I have been a photographer for over 40 years, in so much as I have attempted to make more than snapshots with, at that time, a Kodak Instamatic. I had been doing that for a few years before I started to get more serious with photography. Right from the beginning of my interest with photography though it was with the whole processes, exposing the film in the camera, then developing the (Black and White initially) negative, and taking that negative in to the darkroom and turning it into a print. I was about ten years old when I started, and seeing that first print appear on the paper in the dev tray under the red safelight is till with me now I am in my 50's. I eventually moved on and got to the point where I was developing my own E6 process slide film, and printing from them onto Cibachrome paper, some of the most vibrant colour prints you could get back then. Although I really only stuck with a bit of basic dodging and burning during my printmaking, I still took the time to learn about all of the other rather specialist techniques that you could carry out in the darkroom in producing some rather special results, that were pretty far from standard photography. Of course I still also took snap shots at certain events, and I defy anyone to deny that they don't still do this even today. In those instances I would often drop the roll of film that the 1hr process place on the high street, and quickly have a set of prints to share with friends.
Even so back then there were a number of photographers, seen in the letters pages to the photography magazines, since this was pre the WWW, that disparaged anyone who went in to the darkroom and actually worked on their prints to get the optimum results. Get it right in the camera they would say, and "standard" development and printing is all you need, that is real photography.

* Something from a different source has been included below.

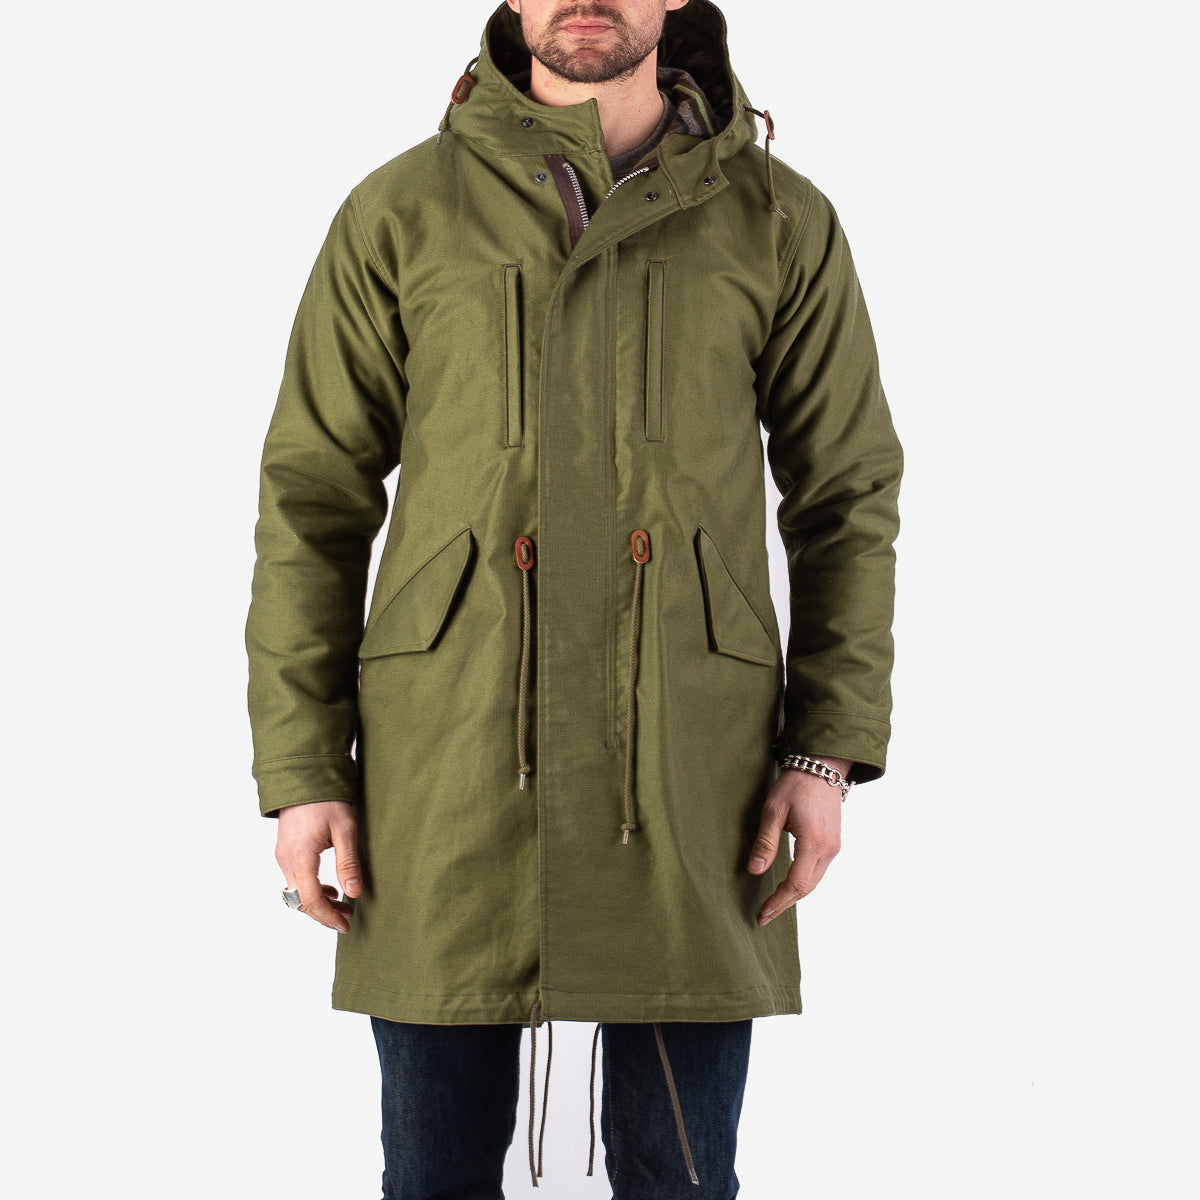 Iron Heart M-51 Coat Whipcord – Drab Field IHM-34 Olive

I was never involved in the club scene then, nor now, but I'm sure that the general consensus was that along with the choice of film stock, the exposure was just the start of the photographic process, for those who actually wanted to produce a high standard of work.
Now I still consider that the exposure, and the choices we make when we expose the sensor to light, are only the start of the photographic process, but instead of the developing tank, and enlarger our tools are the RAW processor, and the pixel editing programs that we now use. I also think that the best exposure is one that will give us the optimum starting point for processing the image we had in mind when we pressed the shutter button. It might even be that what we see is actually beyond "photography" and is more about art. I have a classic example of what I mean. I made an exposure of a subject while visiting the RAF Museum in Hendon North London. This is a version that was simply processed in the RAW converter, ready to send to PS It's not really much of a picture.

IMAGE LINK: https://flic.kr/p/f9bEmd
Fokker DVII, Sopwith F1 Camel
by
Alan Evans
, on Flickr
This is the image that was in my head when I took the photo. There was no way that this was coming straight out of the camera.
IMAGE LINK: https://flic.kr/p/qg7yFU
Fokker DVII, Sopwith F1 Camel
by
Alan Evans
, on Flickr
OK so initially I had intended that it would remain as a "photo" but with a sky inserted in to the image, and all the clutter removed. But that didn't work quite as well as I would have liked, so I went further and got this final result that I really like. Printed on watercolour paper at 12×8 it looks really great. I don't care if you call it photography, or digital art. It allowed me to present my vision to others, which is what the visual arts should be all about.